Open Government? HARD, and we are not banging on that door yet."
So what’s the next challenge for Open Government data?

Forget the data.

Find a way to enable these revolutionary ideas, apps, websites and widgets that save time, money and mind-numbing frustration from those who have to engage with government.

Do that, and only that.
This is the conversation we need to be having. Why? Not to work out "how to do it", but because it questions what is valuable and necessary in government.

Open data isn't a technical thing. It's about relevance. If you could do everything, what would you do? If you were hungry, would you eat, or would you talk about how to find out what the best thing to eat is and what the best way of eating it is?

"Open data" that lacks a medium for turning creative use into real-world change is irrelevant. It's what bad businesses do - they invent a million great things, but never actually want people to use them. Instead they use them as examples to tout how great and creative they are, in the strange hope that a people will think a symbol of progress is as good as progress itself.

Until, that is, someone comes along and not only has a better idea, but also actually builds it. For everyone to use.

Is that difficult? Of course - building stuff requires foresight, management, flexibility and the wisdom of knowing what your goal is. Do people do it all the time? Look around you.
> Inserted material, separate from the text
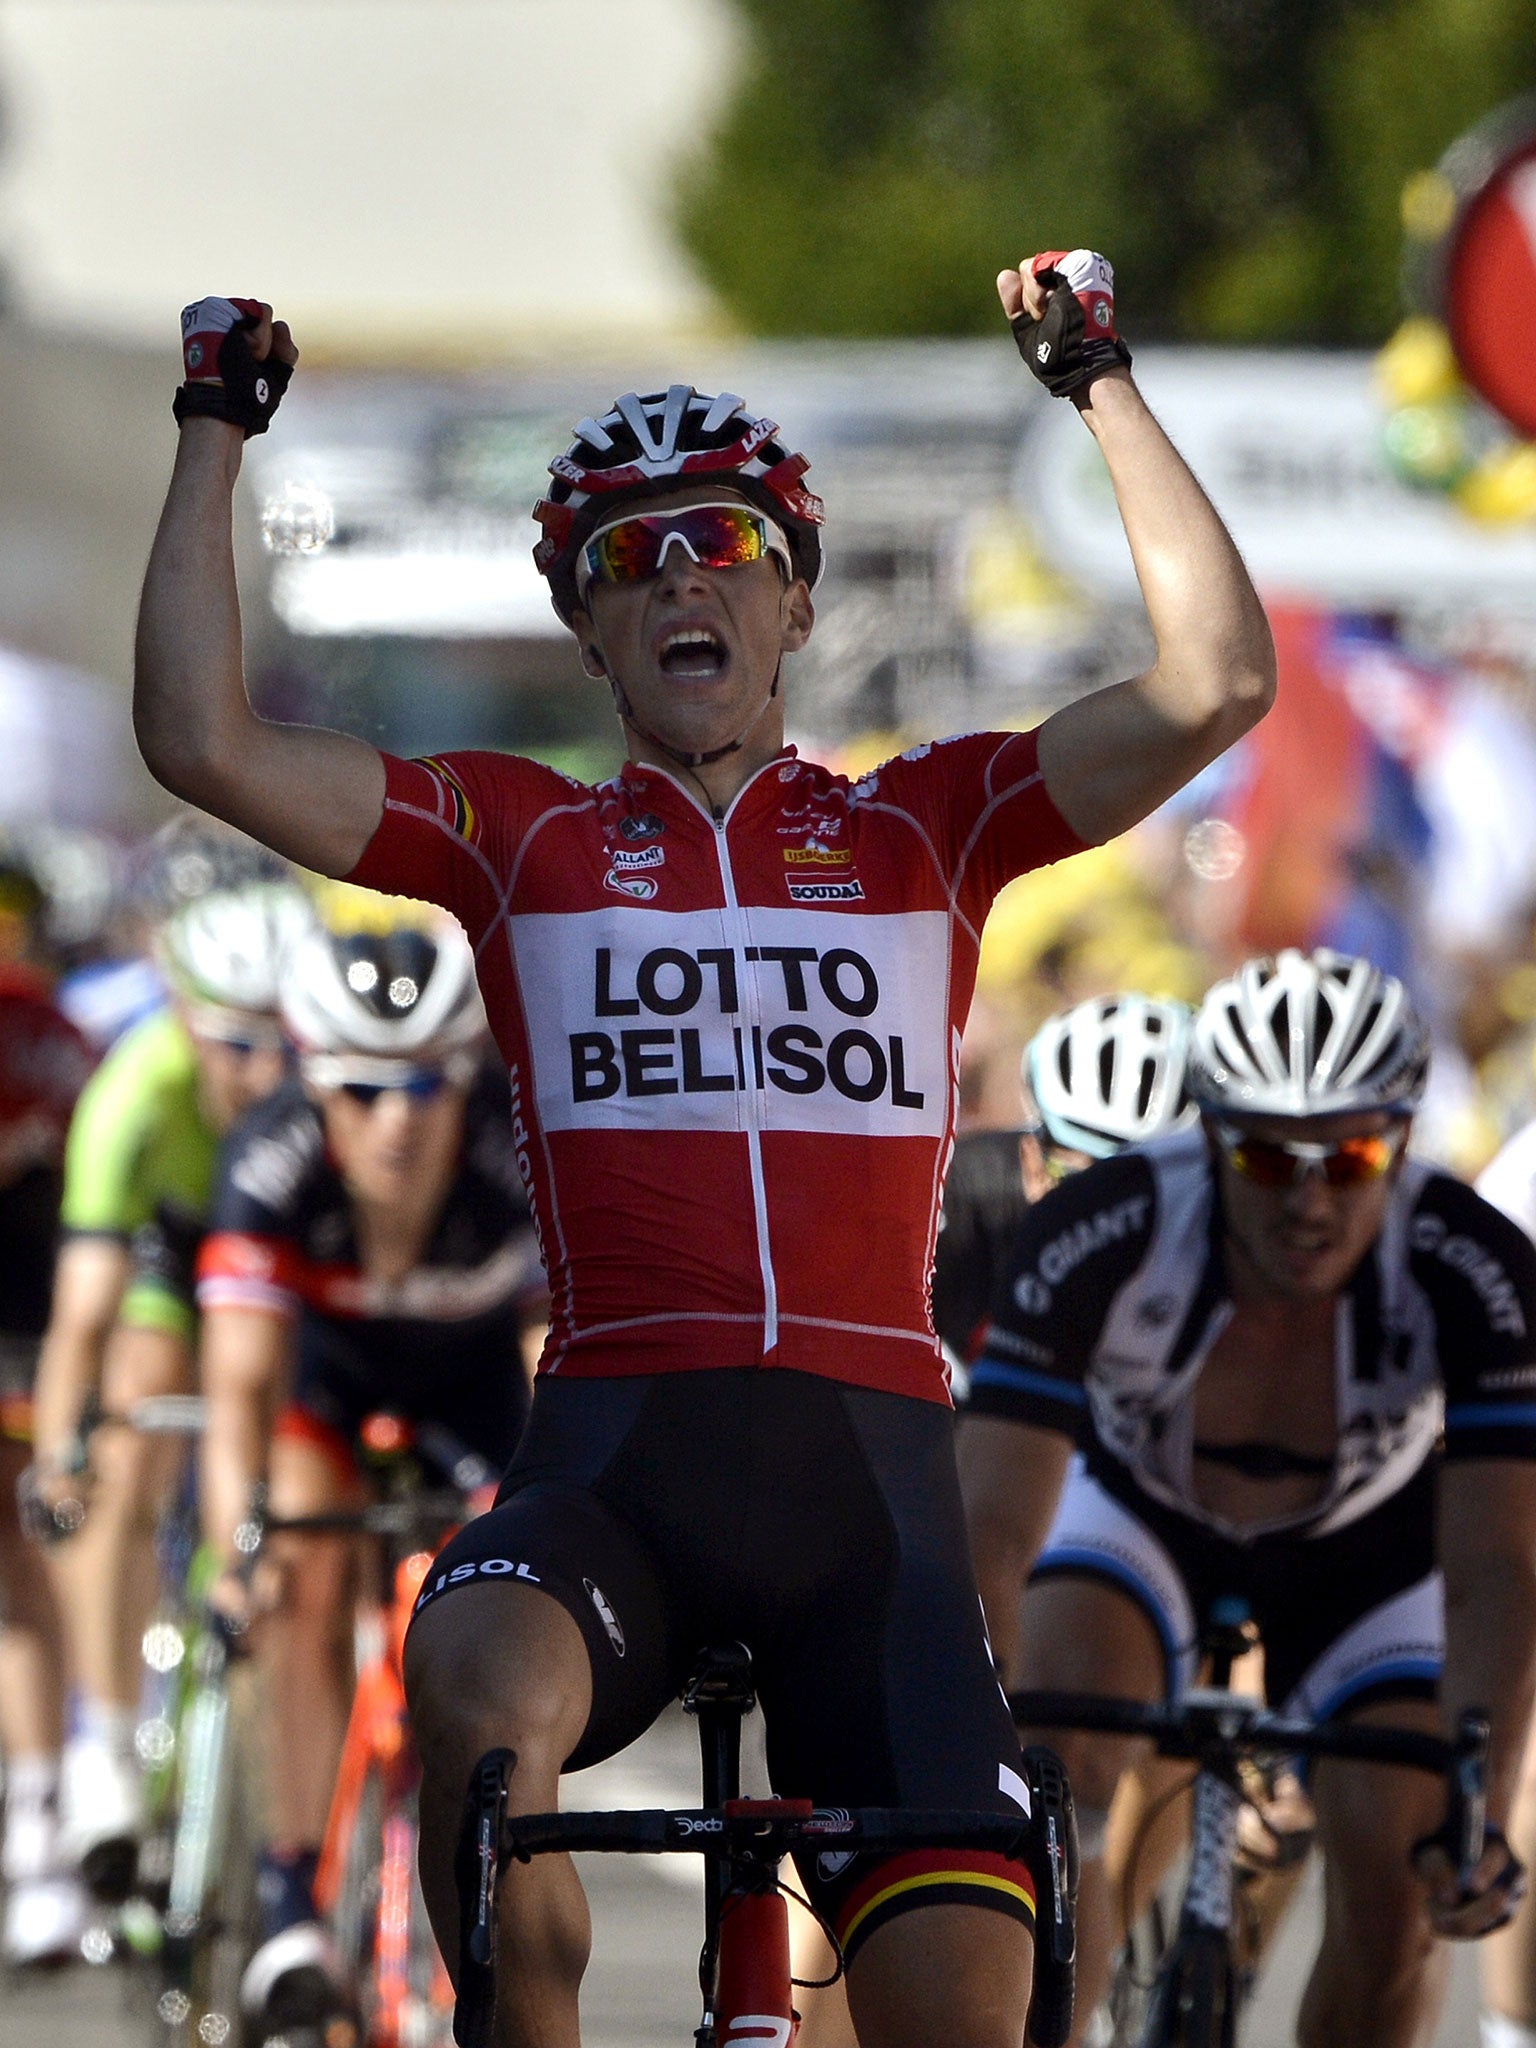 Tony Gallopin gave France reason to cheer on stage 11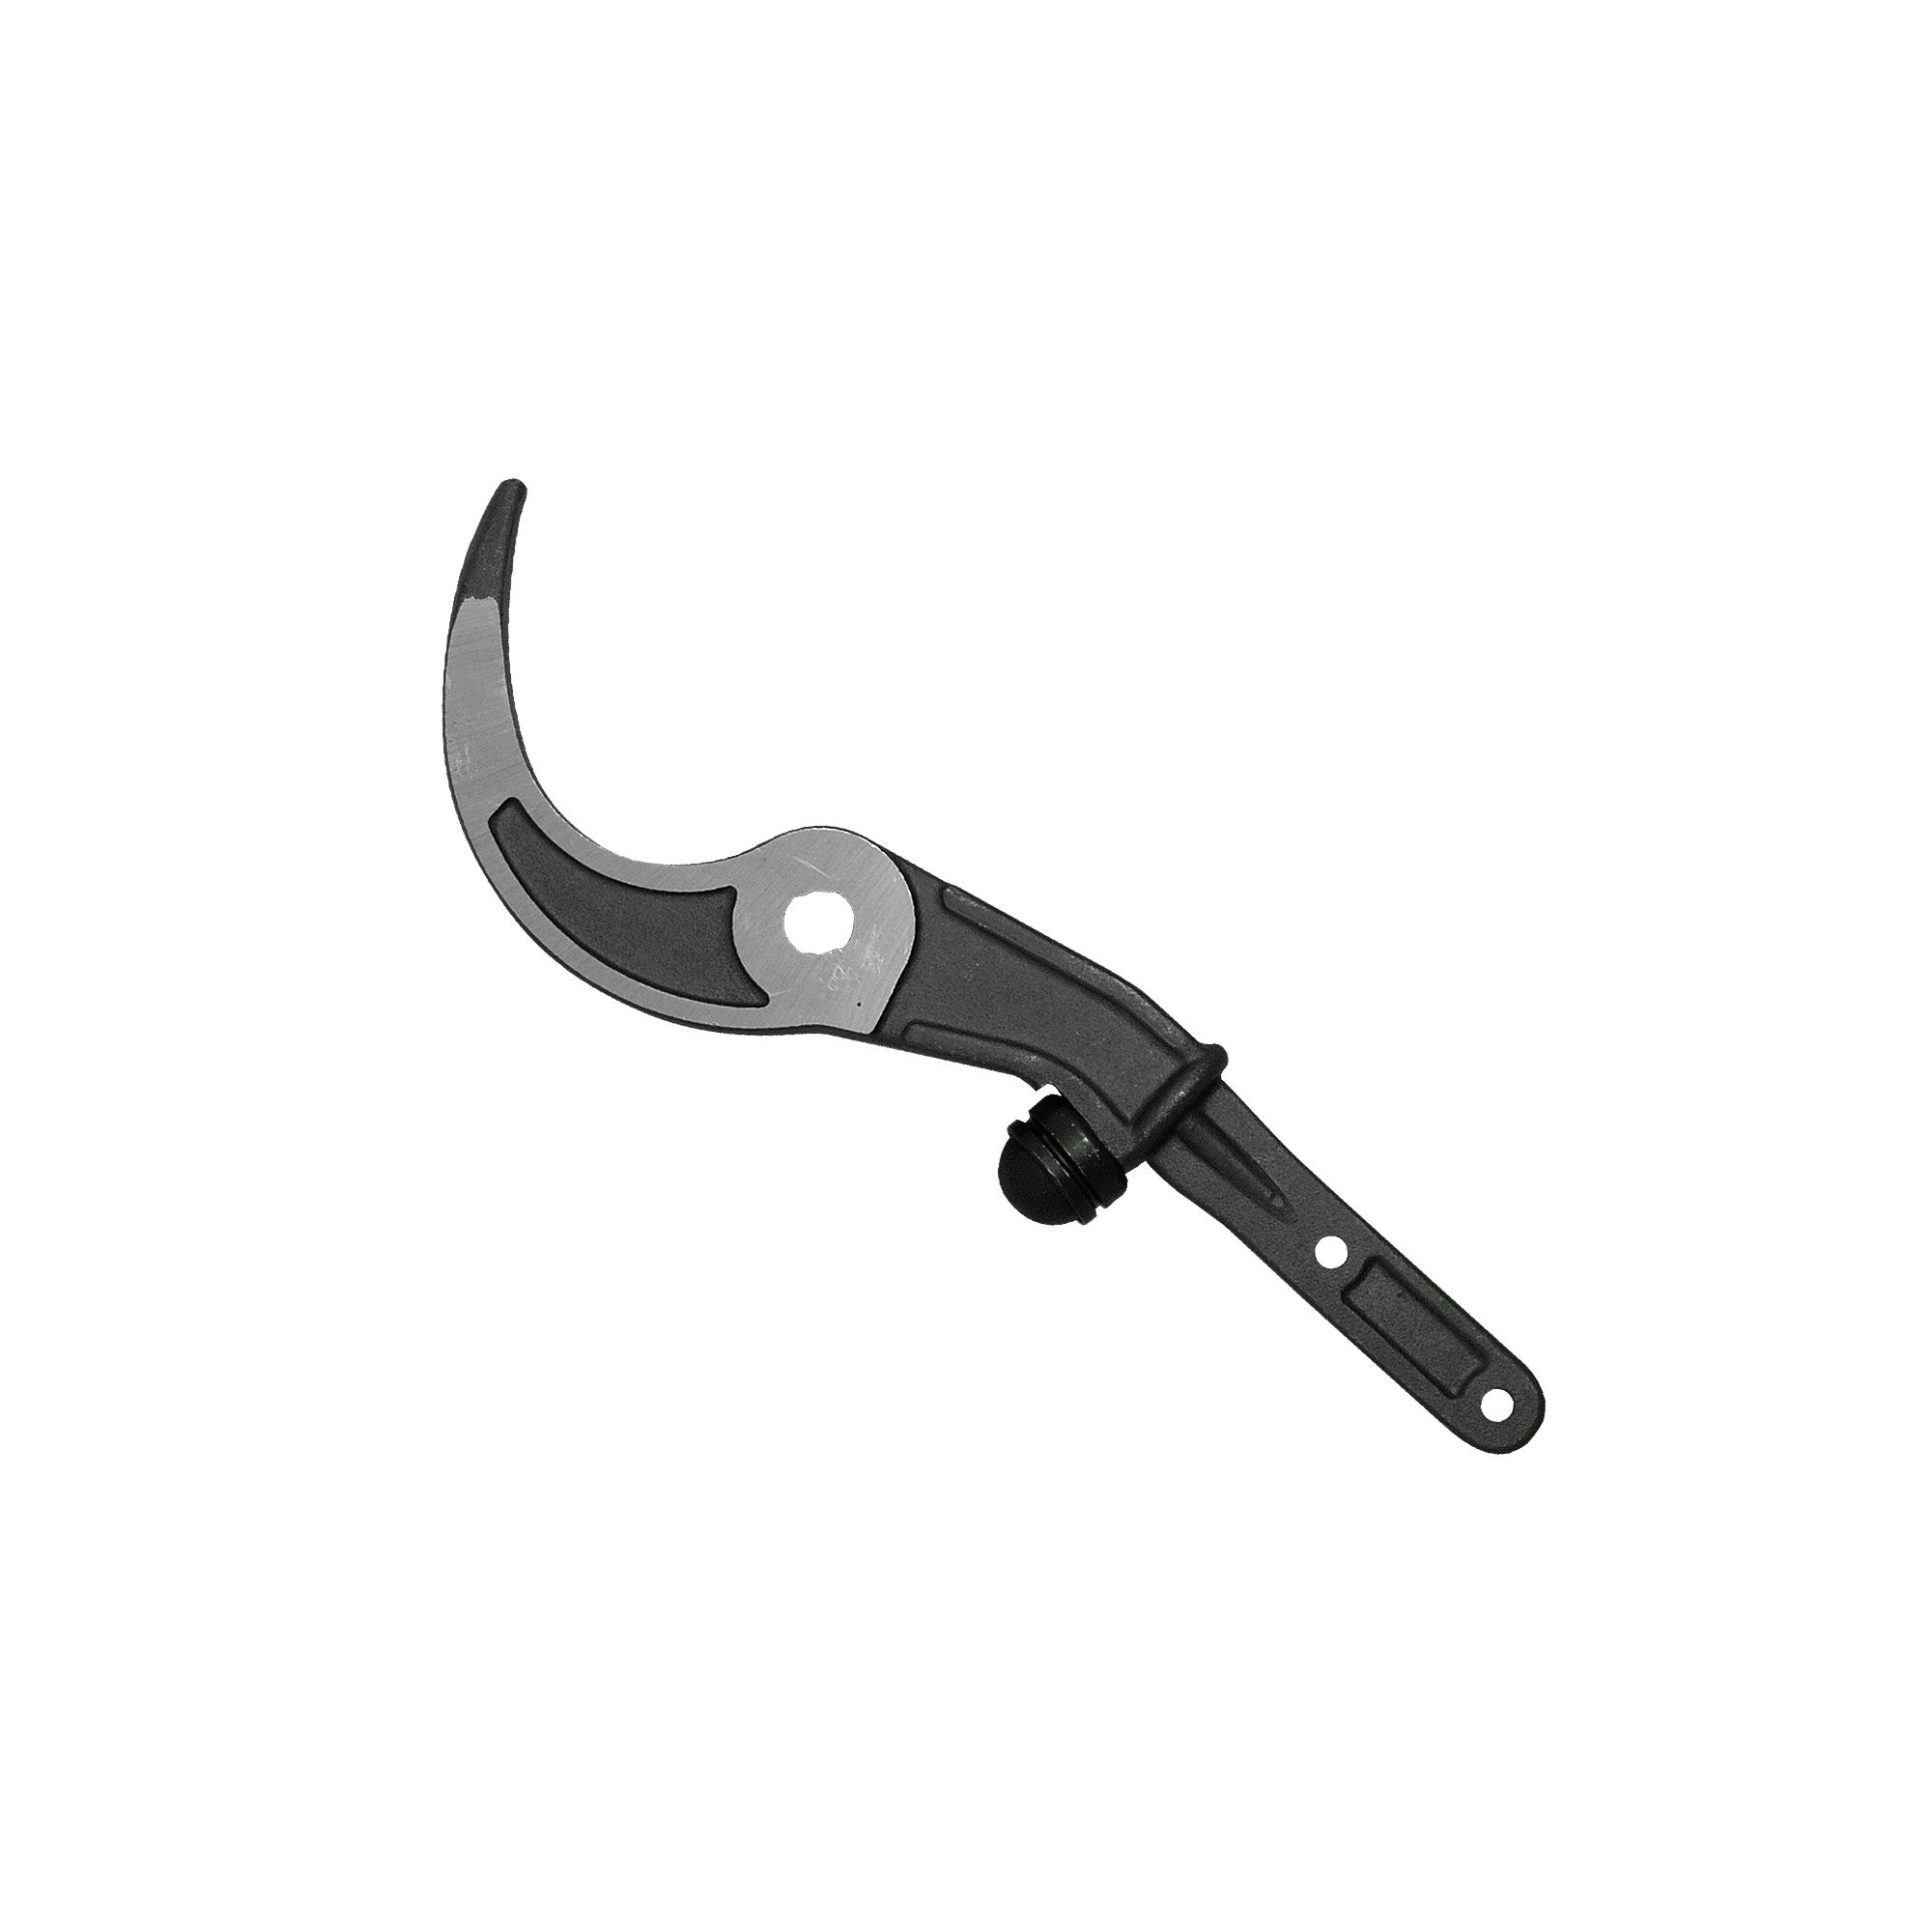 Replacement Hook for Orchard Loppers

Open data needs to be about other things now - including how it's funded, what the audiences are, and what the future holds. But none of these are about data. None of these are technical. We already have a society that runs on data, so data itself isn't a new paradigm.

We can't keep thinking of open data - and possibly even our entire creative efforts - as some kind of "continual prototype". We need to apply it like we applied sewage systems and electricity.

We need to understand that this isn't just about making the game easier to play, but about a whole new game.

Wednesday, July 13, 2011

Open data funding - experiments and ecosystems

Paying for the Open

The funding aspect of open data development came up at Open Data Brighton & Hove (#odbh) last night - who should (or shouldn't) pay for it?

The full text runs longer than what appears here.